* Recorded data:
§ §

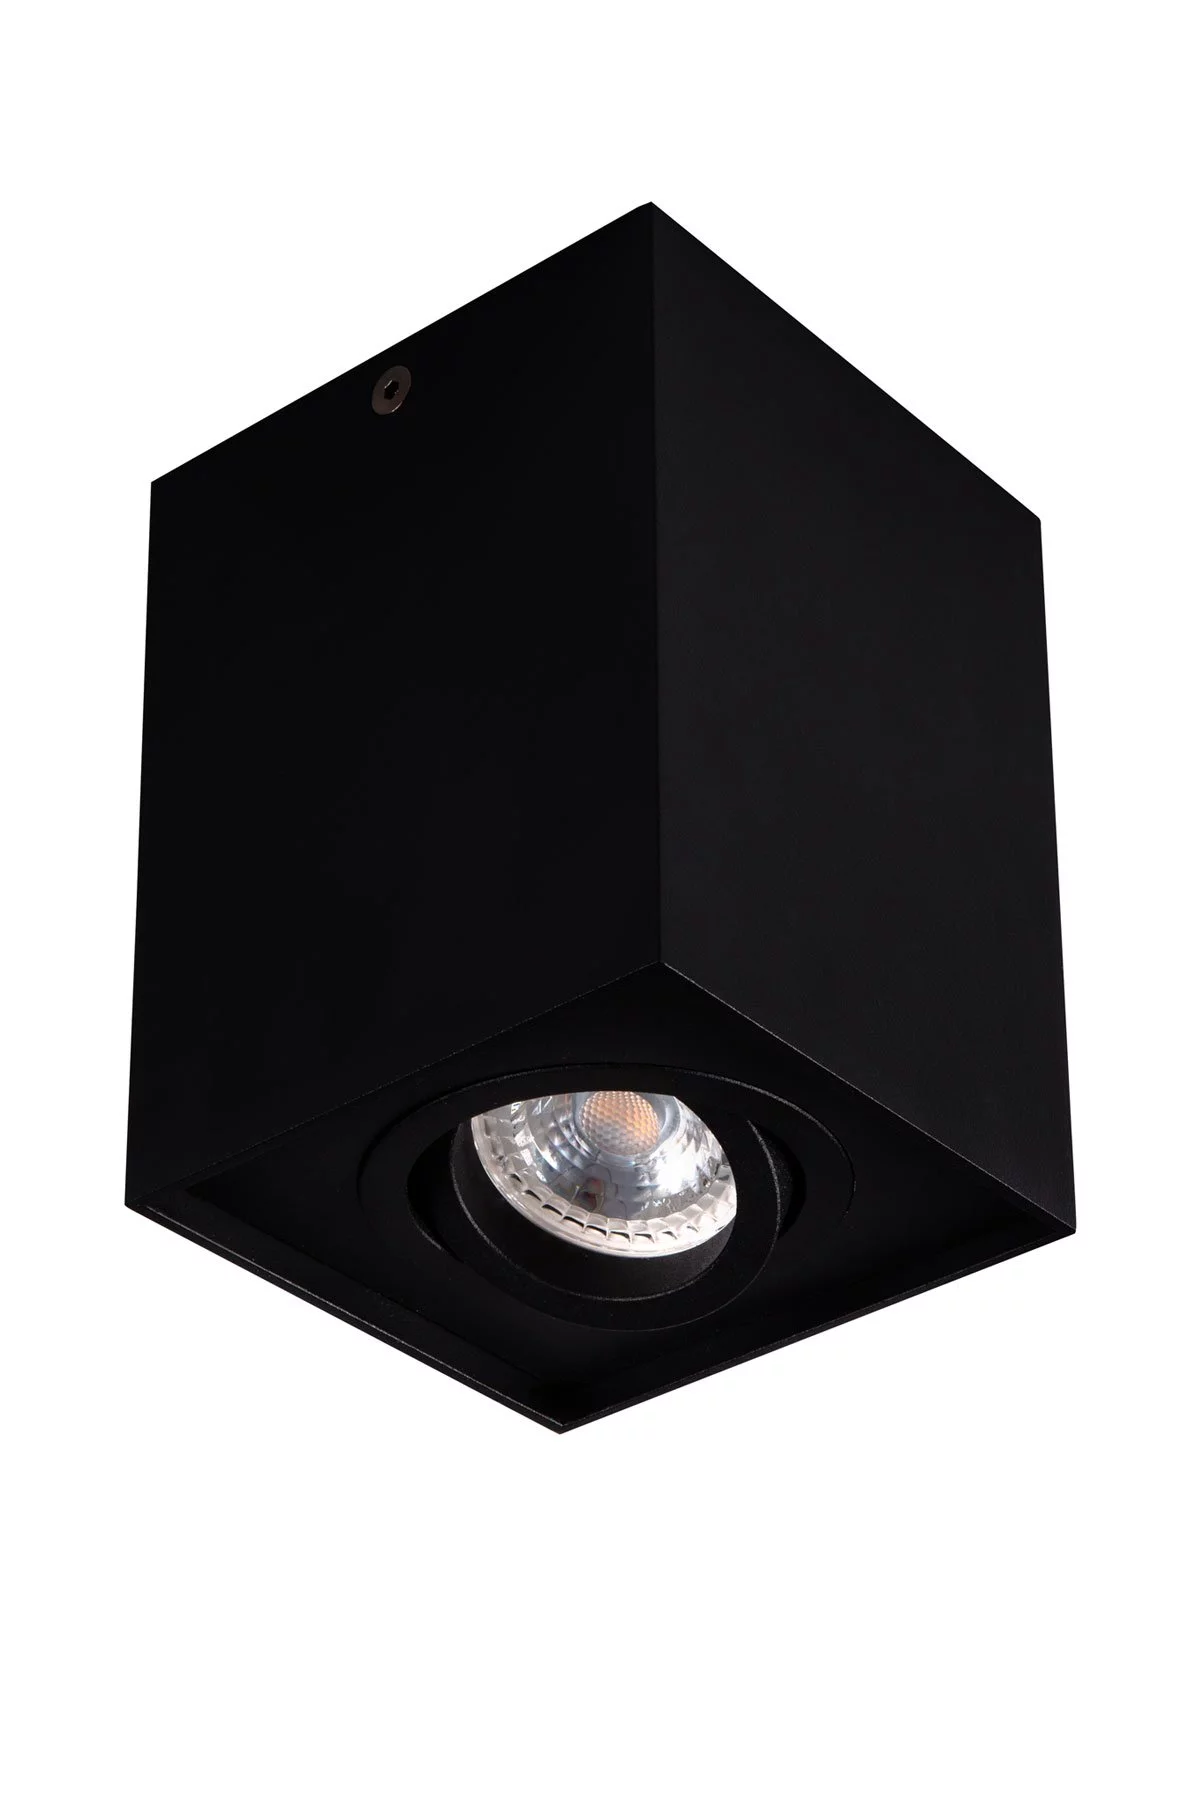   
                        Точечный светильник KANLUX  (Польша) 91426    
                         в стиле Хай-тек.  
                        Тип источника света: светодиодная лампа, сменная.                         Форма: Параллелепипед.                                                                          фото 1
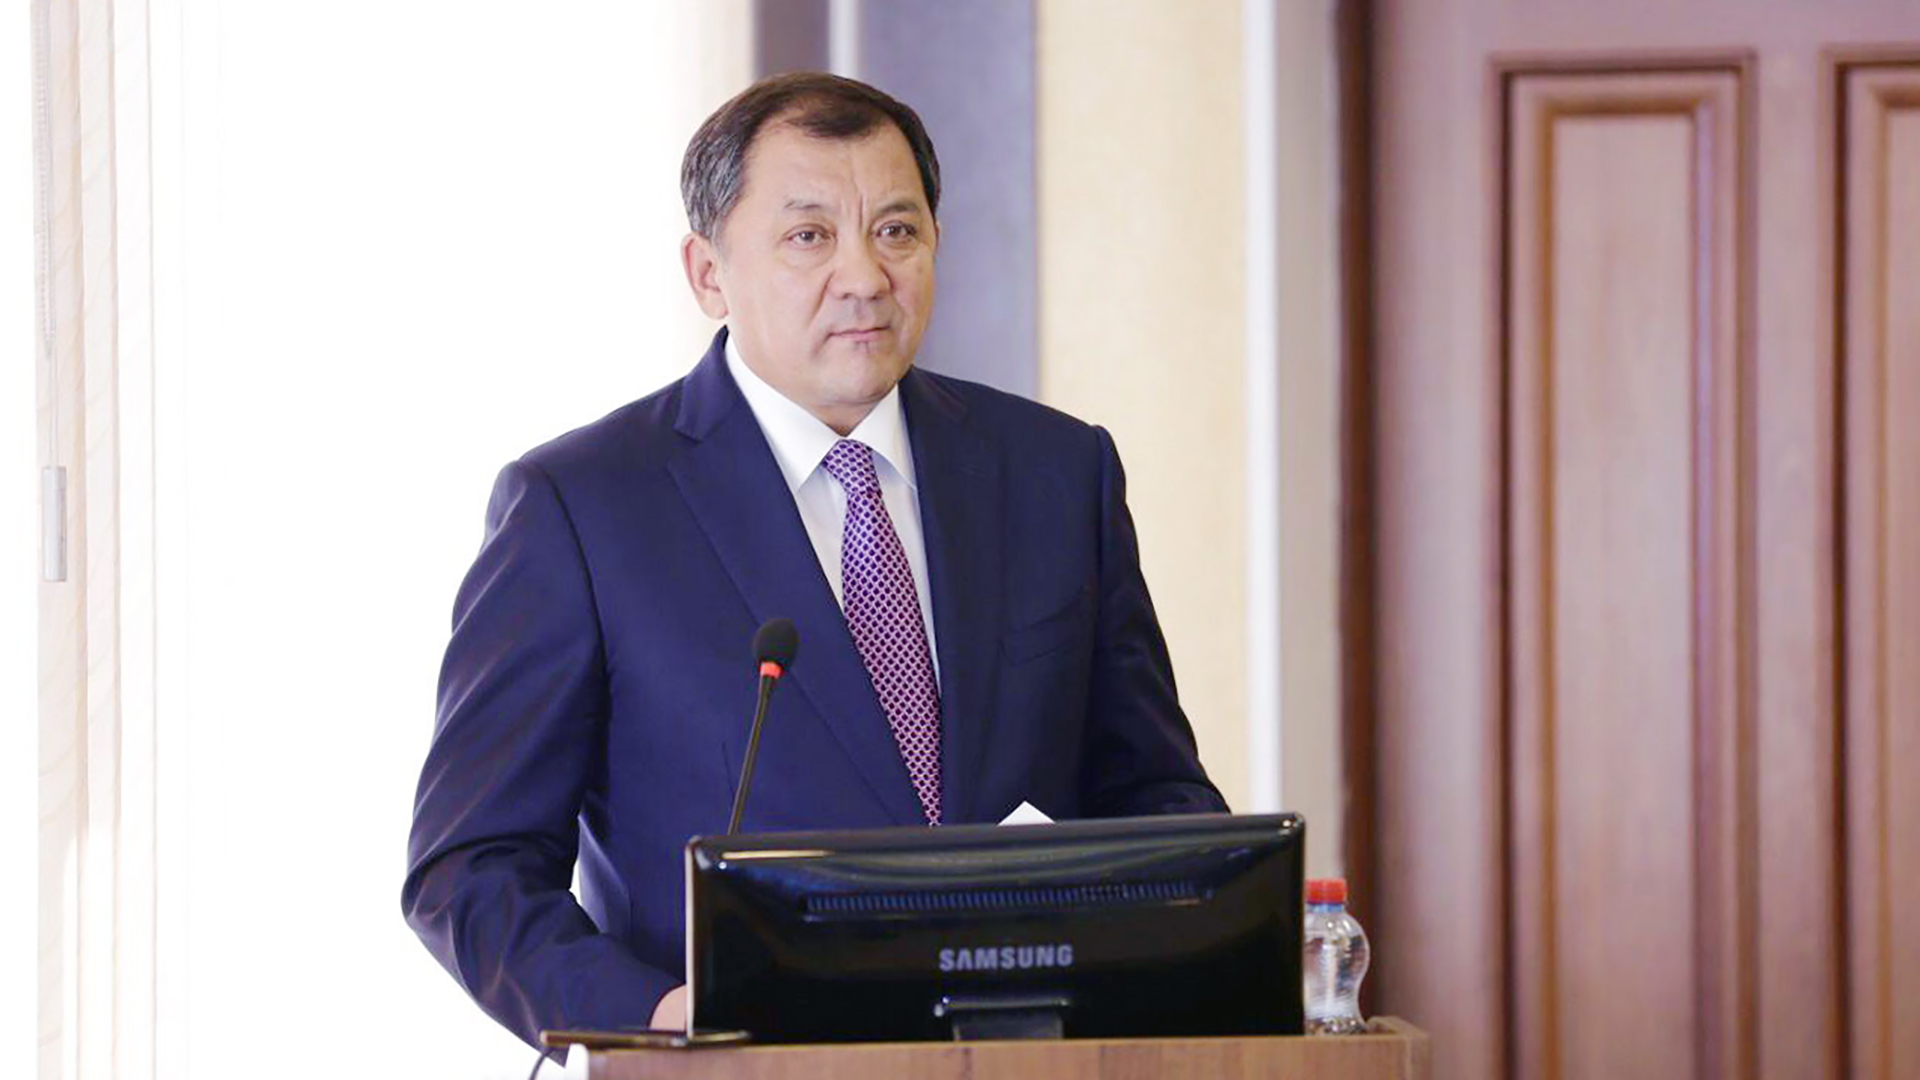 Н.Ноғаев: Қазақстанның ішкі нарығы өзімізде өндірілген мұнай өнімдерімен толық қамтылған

§ §

* Work request:
All of the data is to be transcribed exactly, with images omitted.

* Reply:
                        Точечный светильник KANLUX  (Польша) 91426    
                         в стиле Хай-тек.  
                        Тип источника света: светодиодная лампа, сменная.                         Форма: Параллелепипед.                                                                          фото 1
 Н.Ноғаев: Қазақстанның ішкі нарығы өзімізде өндірілген мұнай өнімдерімен толық қамтылған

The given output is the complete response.